PL is used for many editing processes other than DeepPrime. I use DeepPrine, so the performance enhancement is welcome. But I use it a huge amount more for viewing, cropping, correcting horizons, applying of control points, zooming in to 100% to check focus, and other general editing functions to thousands and thousands of images every year. It is optimisations to these every day functions that are applied to every image that I’d really appreciate PL to be optimised (in any possible way, including M1 chip optimisations) for too.
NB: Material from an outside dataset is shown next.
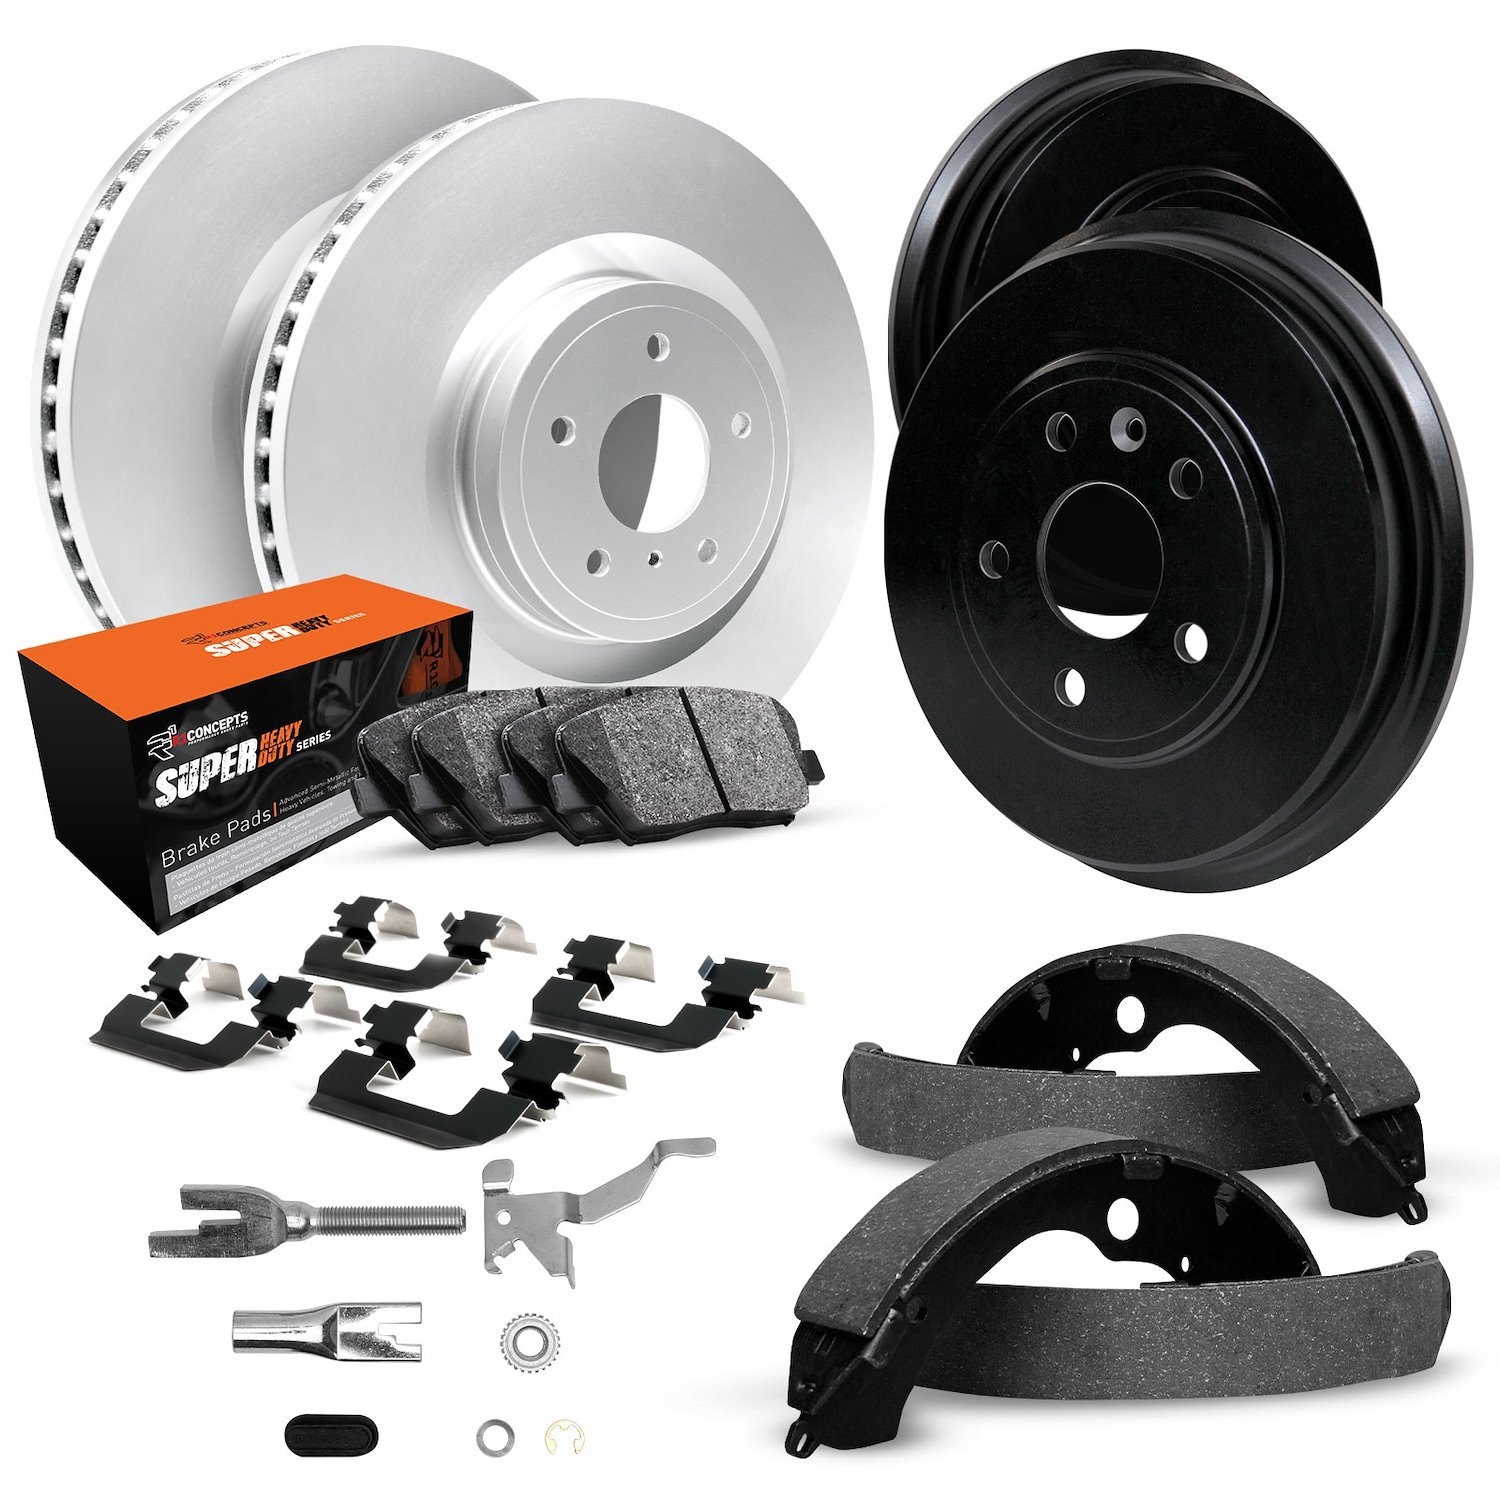 GEO-Carbon Brake Rotor & Drum Set w/Super-Duty Pads, Shoes, Hardware/Adjusters, 2007-2007 GM, Position: Front & Rear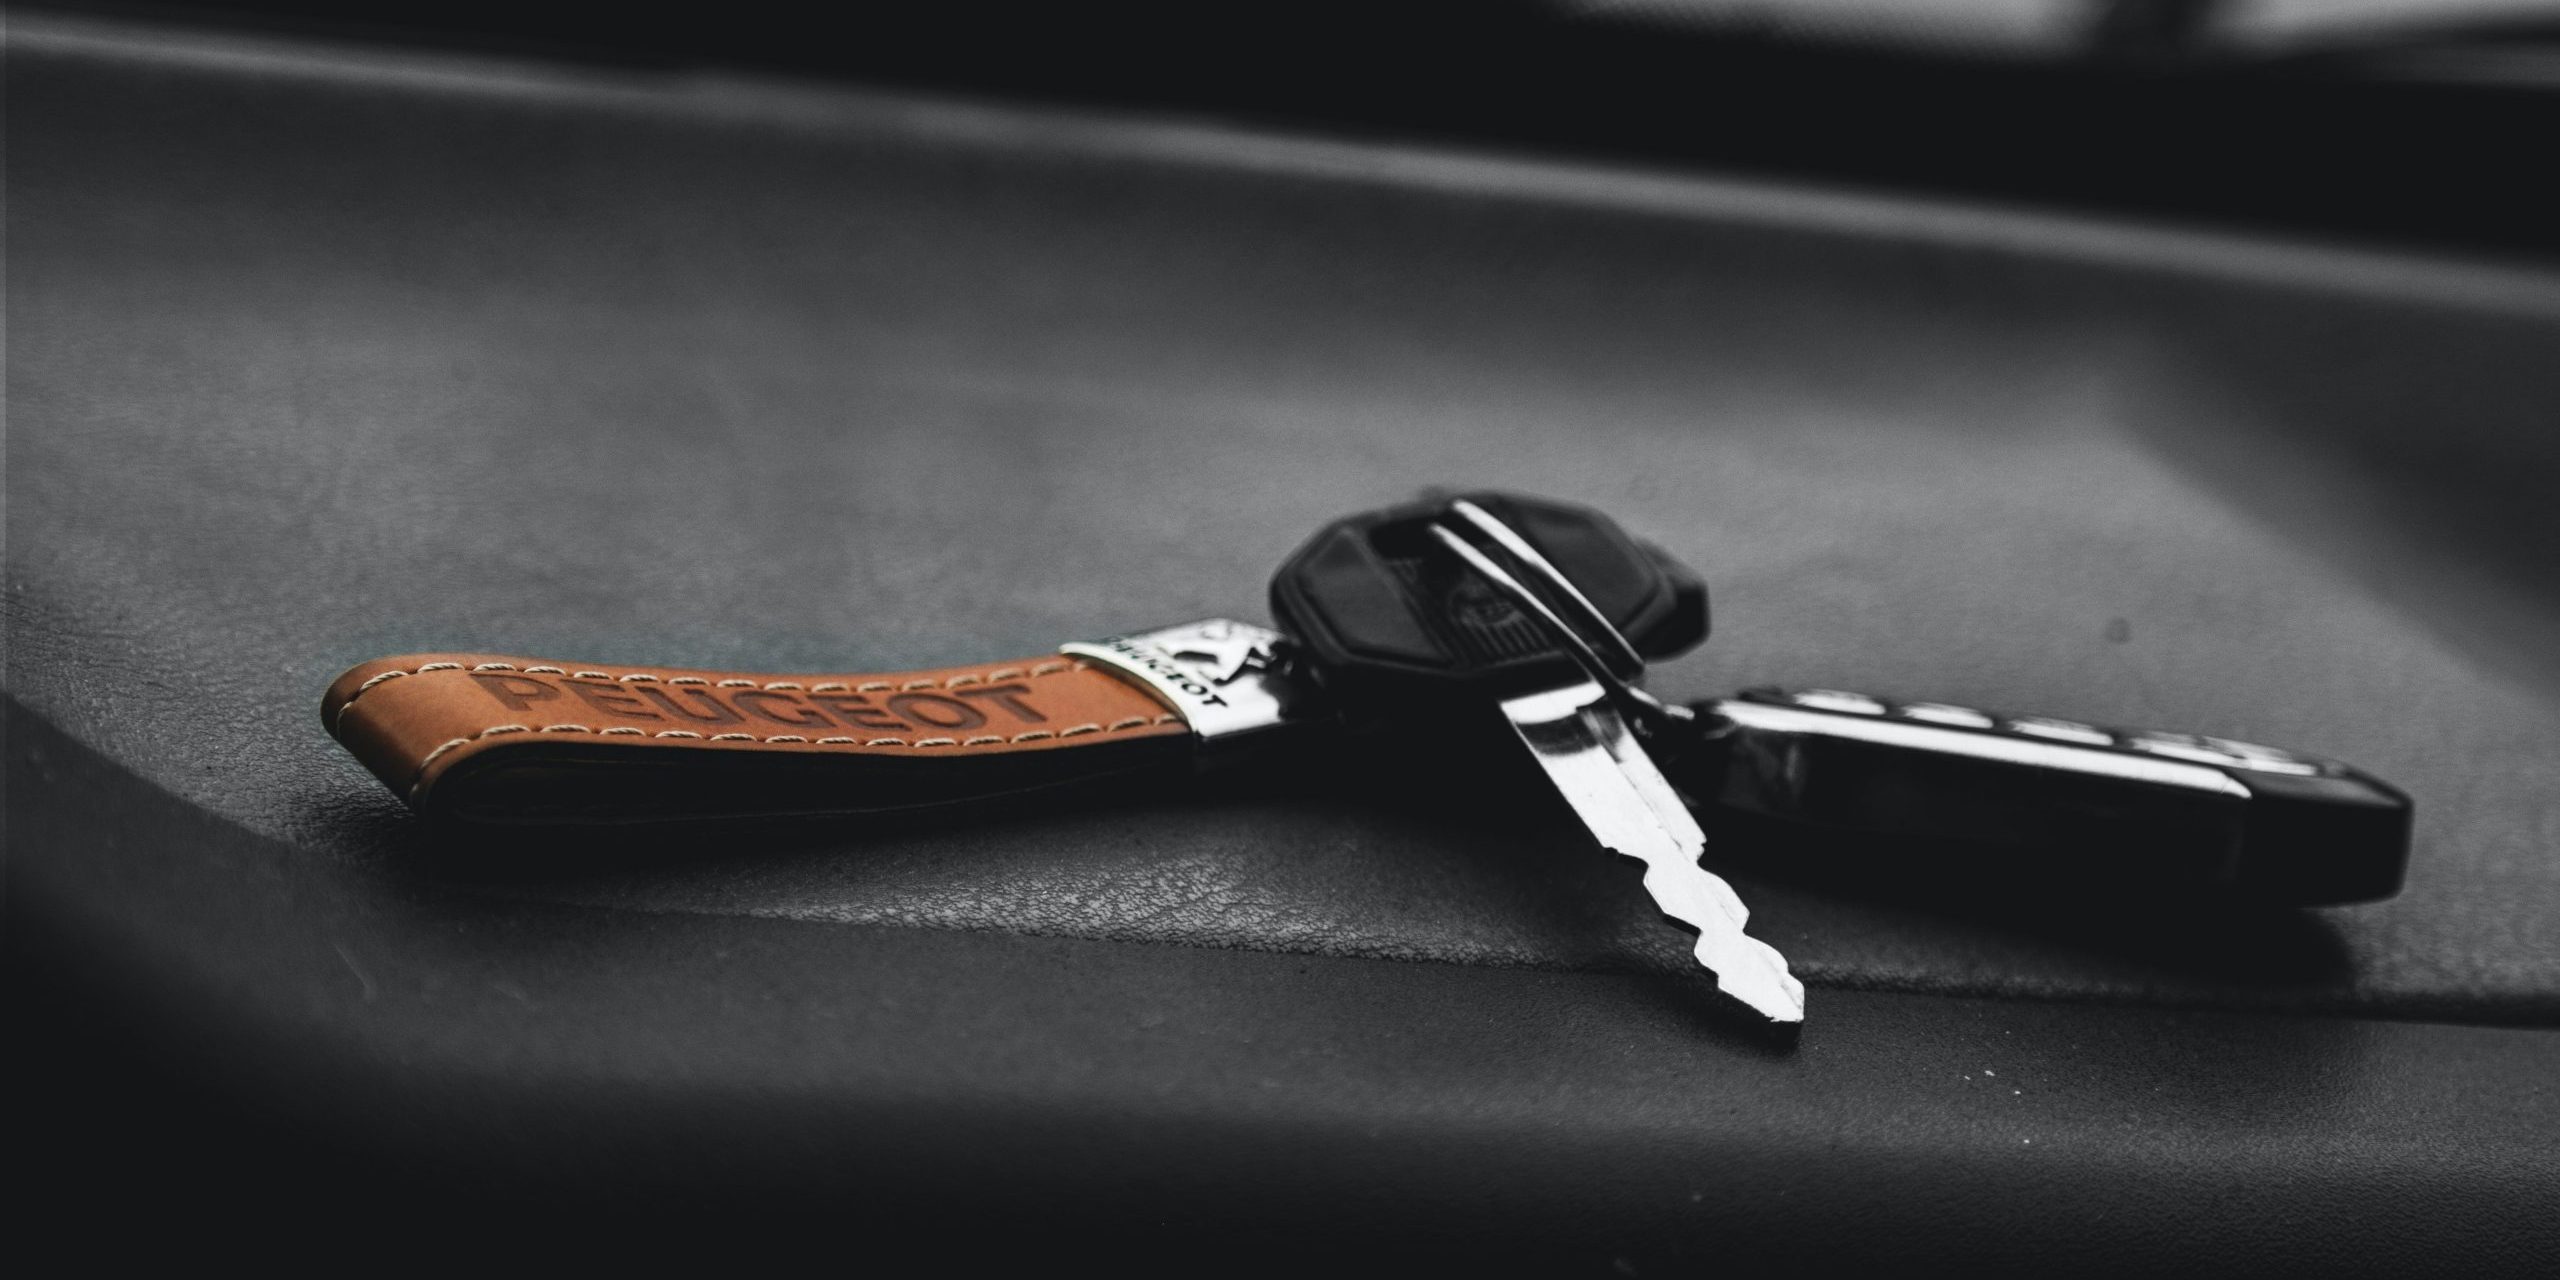 How to find lost remote car key

If the time it takes PL to render a preview could be shortened through optimisations gained from the M1 chip architecture then I would be absolutely over joyed. I cannot over emphasise this enough…
It is a bit hard in these articles to know what part of the speed comes from the native version, from the software update or from the different hardware.
As far as I can see there is no comparison of the same software version with and without Rosetta on the same hardware, so to me it rather looks like a mix of several factors that, when combined, look nice for marketing purpose .
There are opportunities for optimizations specific to Apple Silicon hardware thanks to the Neural Engine or powerful GPU with a large pool of memory. M1 Macs also have faster CPU, faster memory and faster storage. But all of these shouldn’t make a difference between a native or translated application. For now in our tests, native code is about 20-30% faster than translated version. We shall see how this translates at the whole application level.
At the moment I’m not able to tell more about which Apple Silicon specific optimizations we will be able to take advantage of in PhotoLab.